_TASK BRIEF_: Write out the full listing again. Make no alterations.

_DATA PROVIDED_:
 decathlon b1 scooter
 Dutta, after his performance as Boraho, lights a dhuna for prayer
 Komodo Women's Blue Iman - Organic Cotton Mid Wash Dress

_ANSWER SPACE_:
 decathlon b1 scooter
 Dutta, after his performance as Boraho, lights a dhuna for prayer
 Komodo Women's Blue Iman - Organic Cotton Mid Wash Dress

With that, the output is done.